EXERCISE: Give again, word for word, each line below starting at the one that contains "ニュースの背後で流れるような抽象的BGMの再生済みの波形" and ending at the one that contains "24858 скачать обои".

RECORDS TO USE:

□ □ □ □

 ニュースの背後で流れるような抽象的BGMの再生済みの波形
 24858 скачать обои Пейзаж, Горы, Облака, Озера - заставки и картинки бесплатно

□ □ □ □

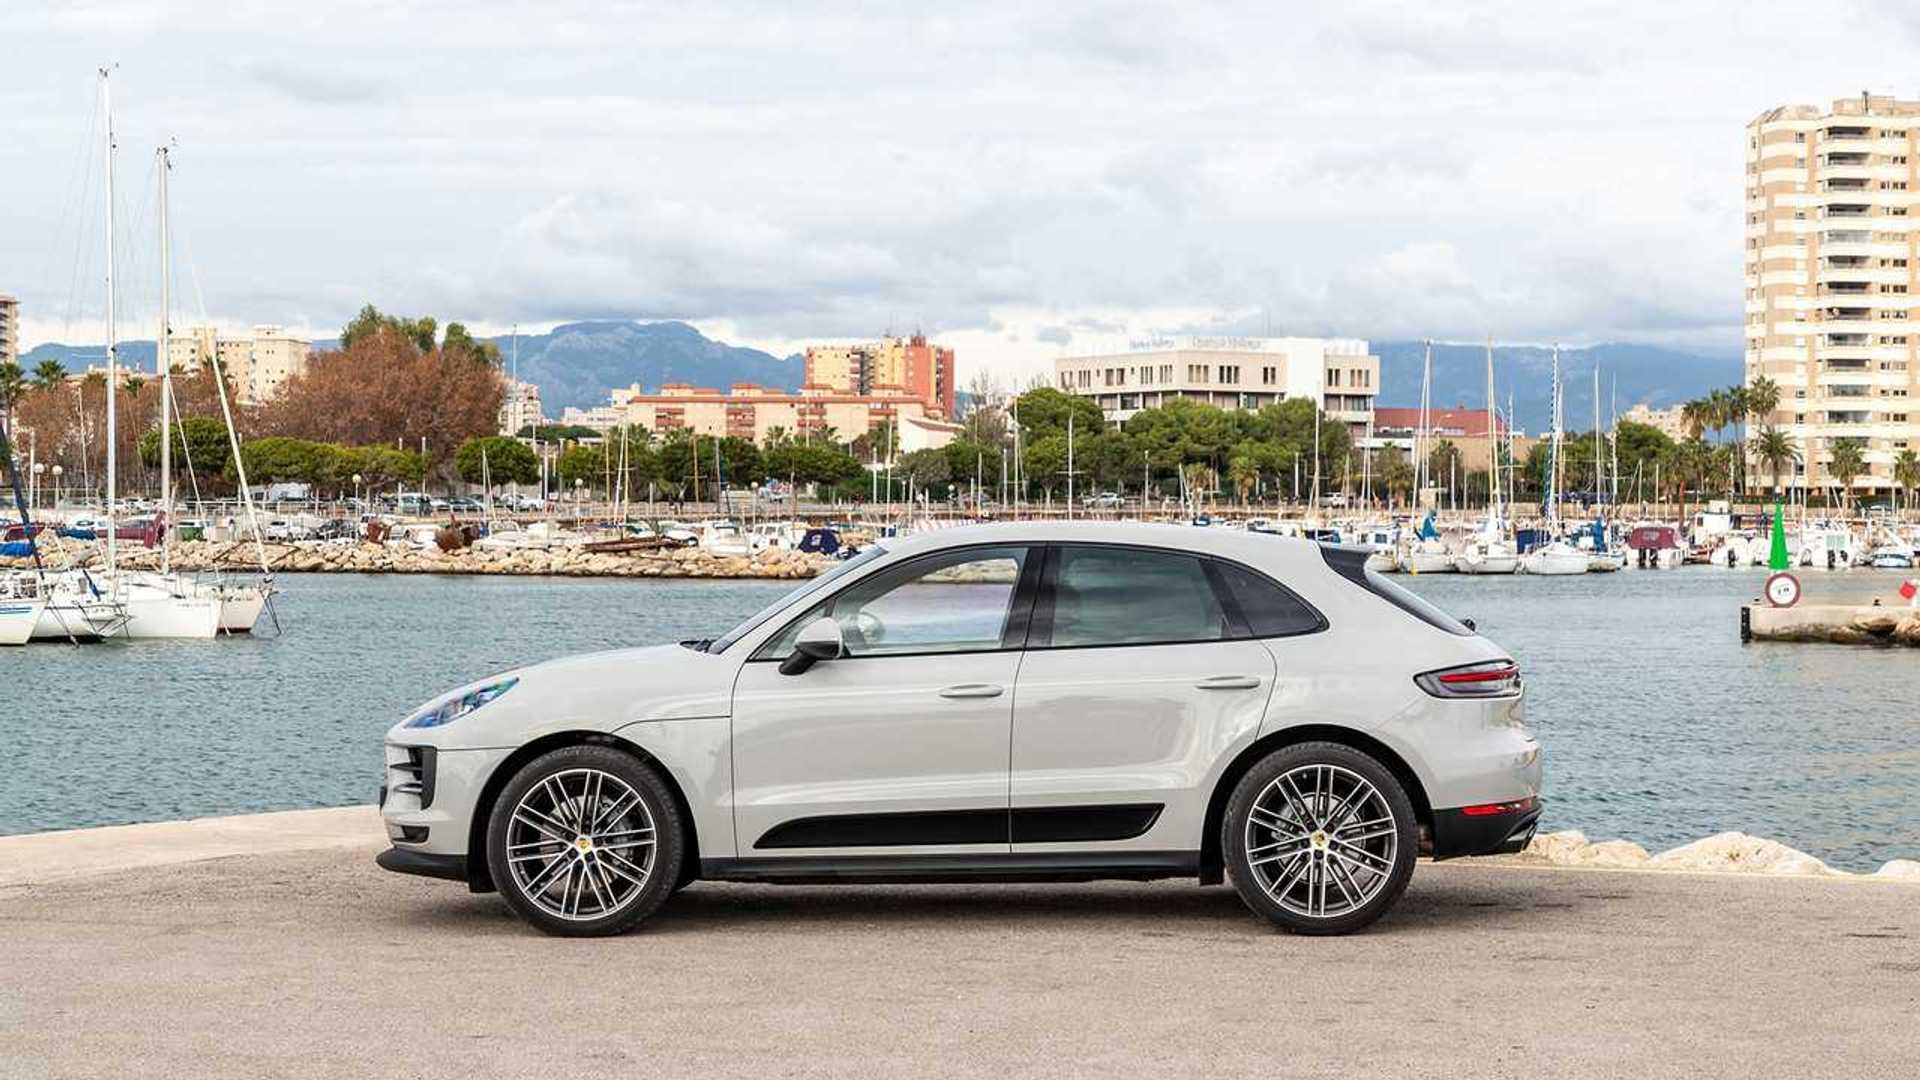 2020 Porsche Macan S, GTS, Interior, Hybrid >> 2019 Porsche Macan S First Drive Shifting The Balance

□ □ □ □

PROBLEM SOLUTION:
 ニュースの背後で流れるような抽象的BGMの再生済みの波形
 24858 скачать обои Пейзаж, Горы, Облака, Озера - заставки и картинки бесплатно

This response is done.